# WORK TO COMPLETE
Only the lines from the one with "BLACK Faux Croc Leather Backpack, image 1" to the end of the data below should be given again, exactly, with both ends included and pictures omitted.

# PROVIDED RECORDS
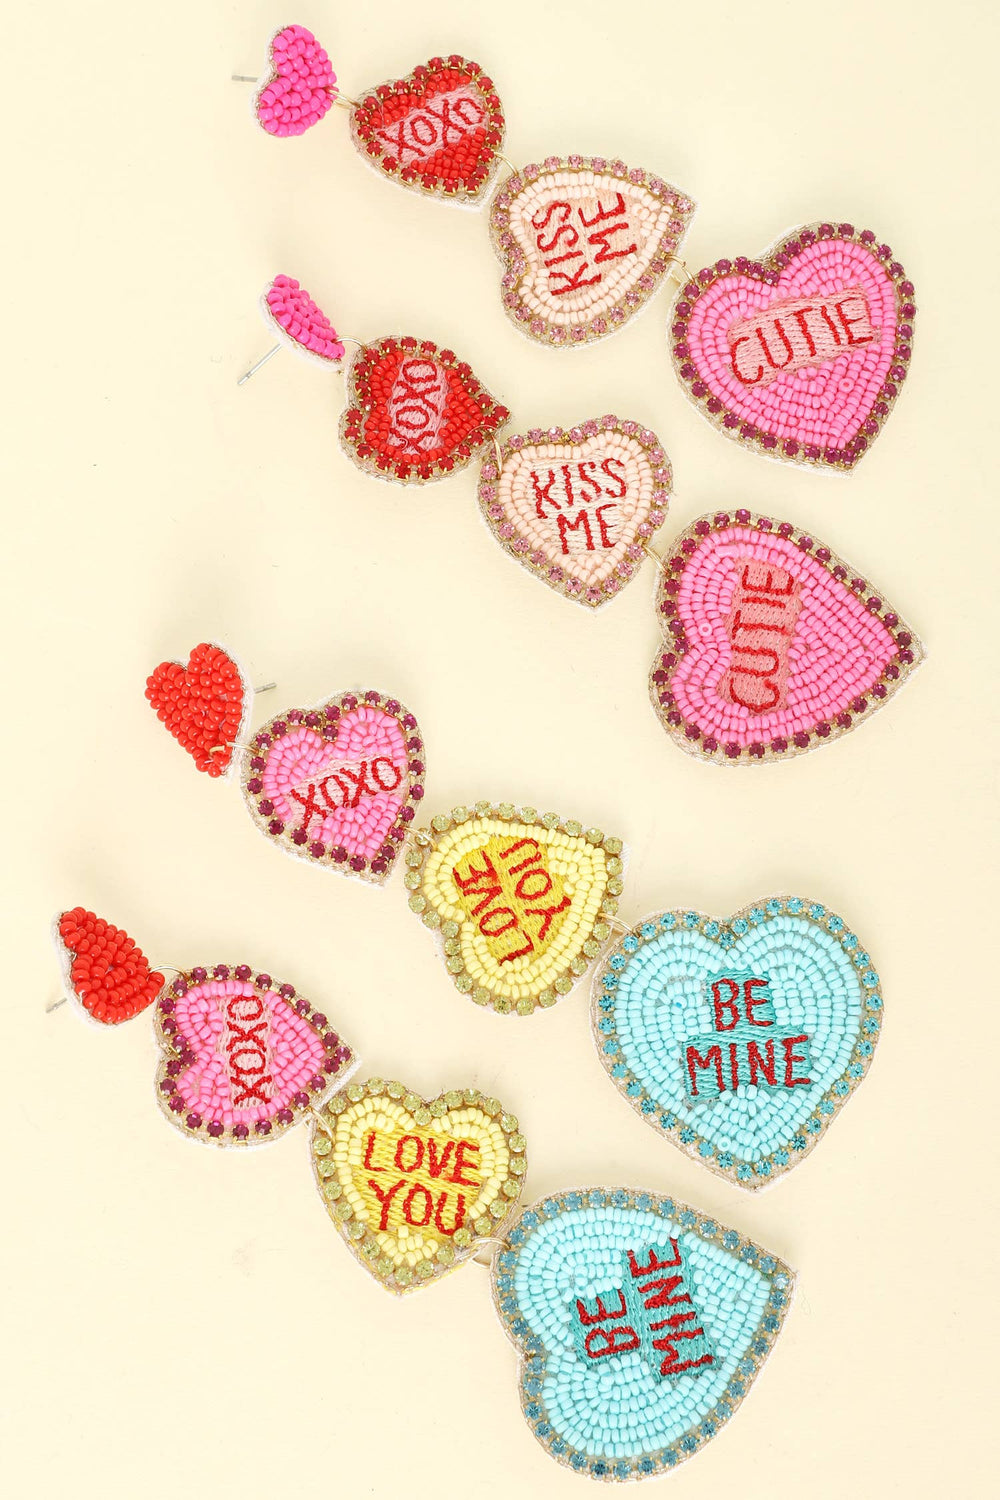 SP Sophia Collection Earrings XOXO Love You Be Mine Conversation Hearts Dangle Earrings: Pink
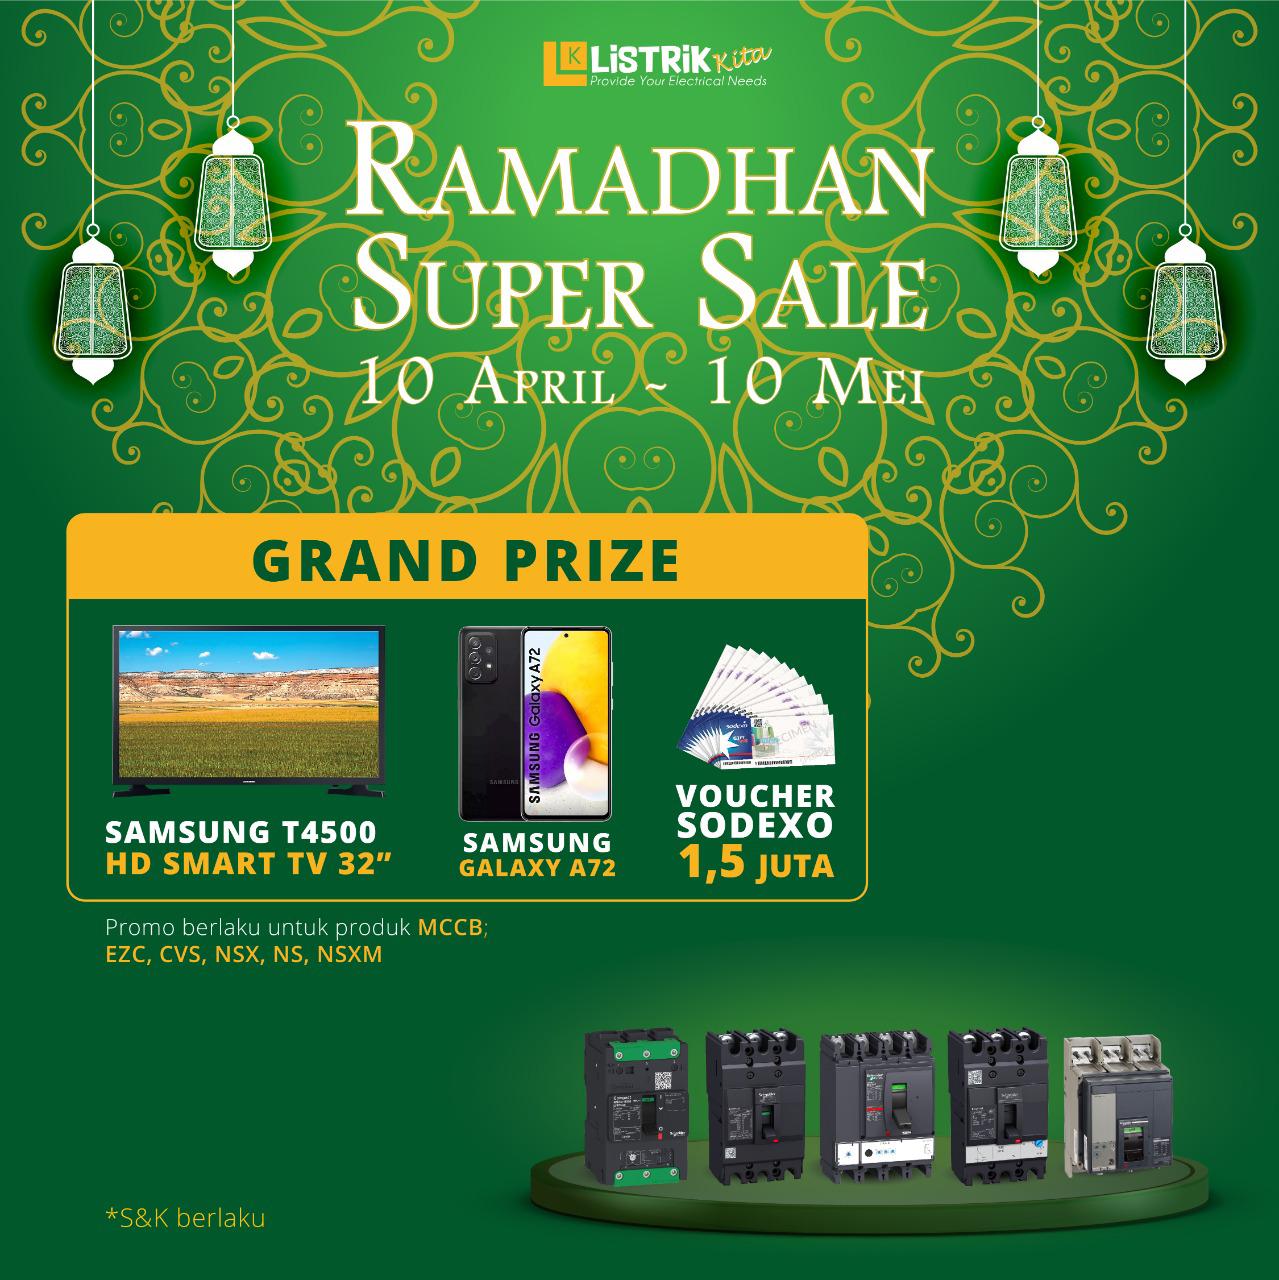 Ramadhan Super Sale
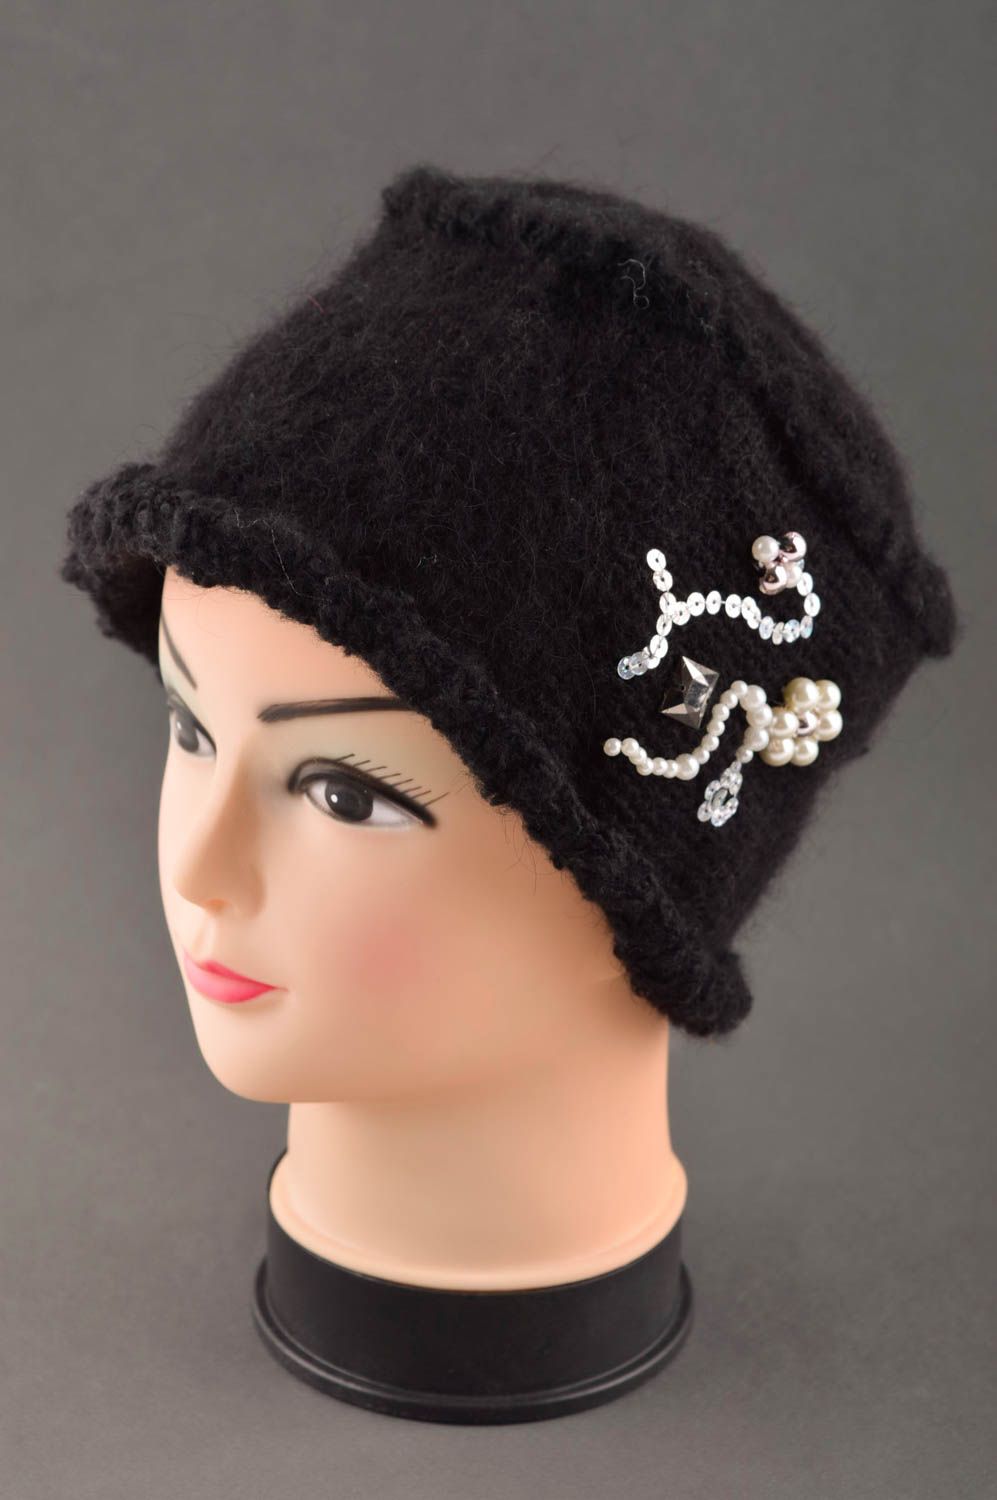 Handmade warm hat unusual hat for girls crocheted hat warm hat for winter photo 1
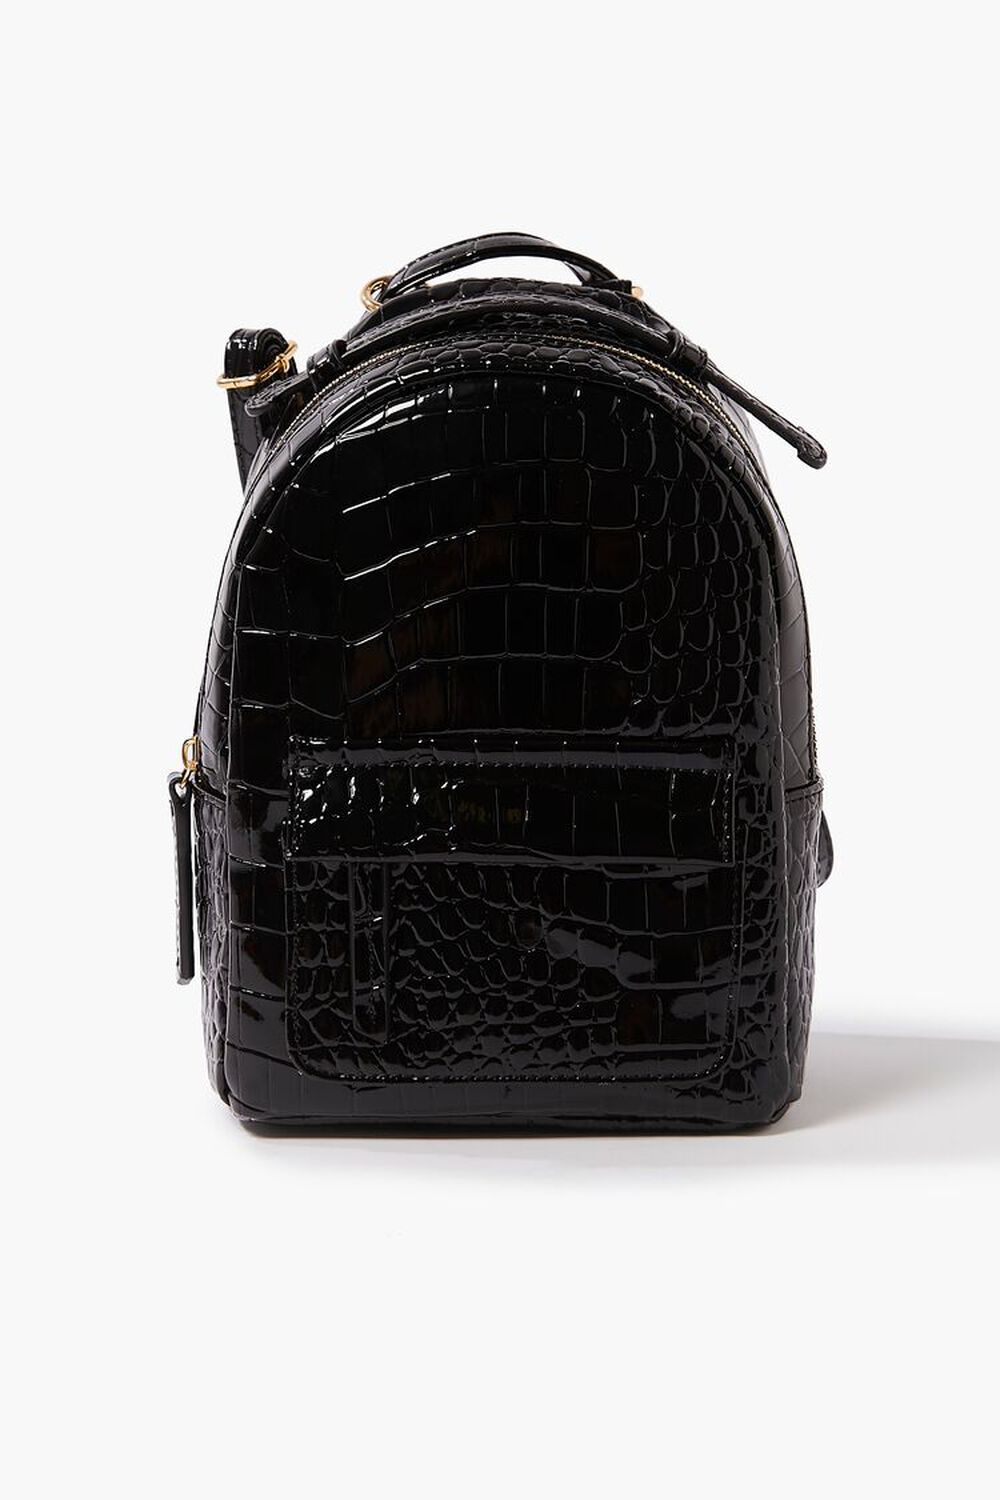 BLACK Faux Croc Leather Backpack, image 1
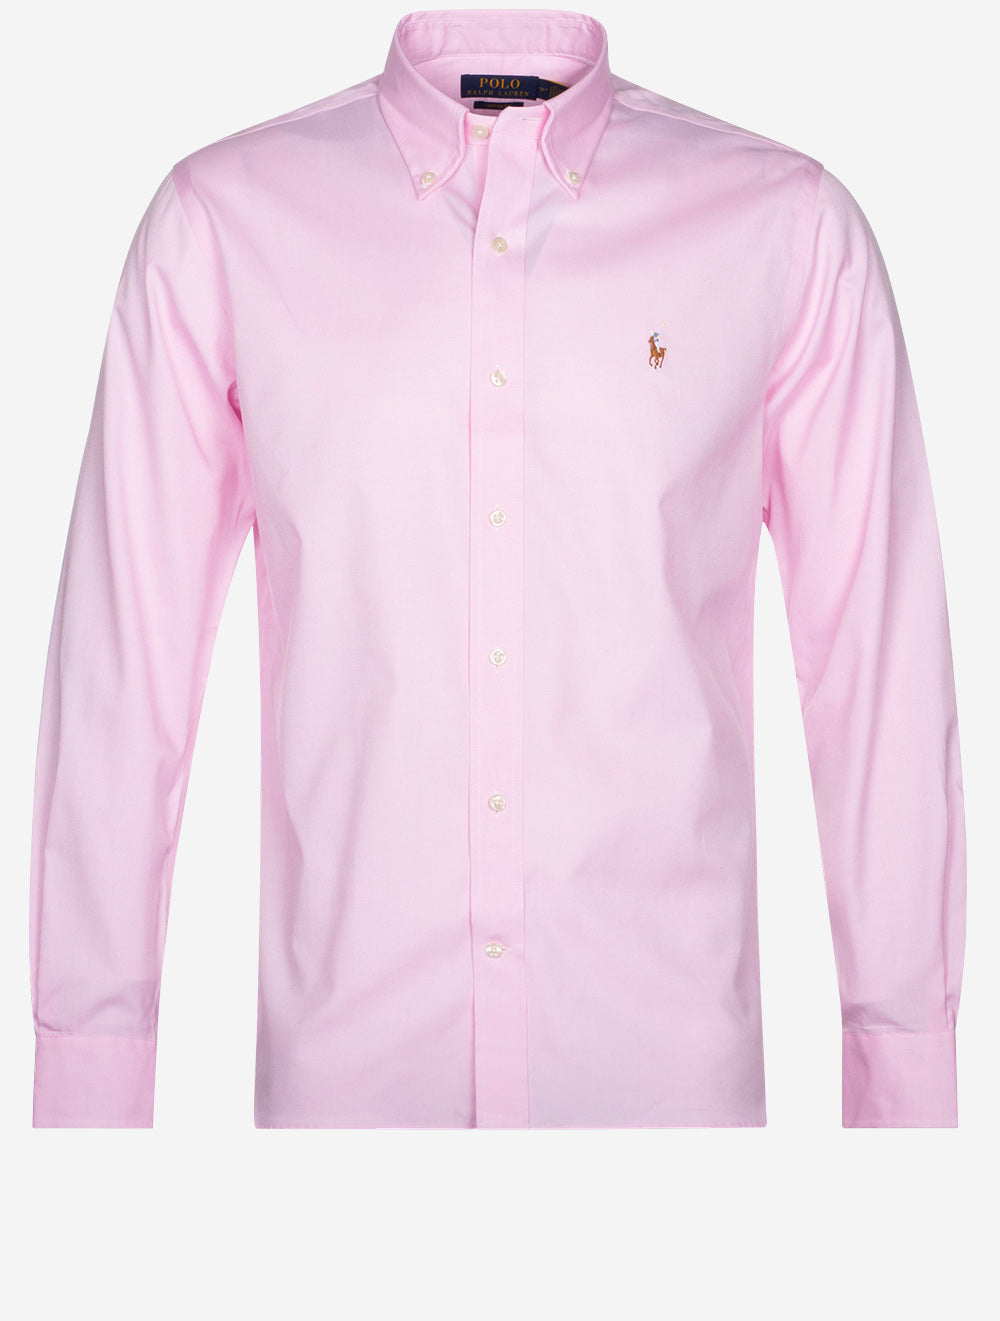 Buttondown Plain Stretch Shirt Pink White

# WRITTEN RESPONSE
 BLACK Faux Croc Leather Backpack, image 1
 Buttondown Plain Stretch Shirt Pink White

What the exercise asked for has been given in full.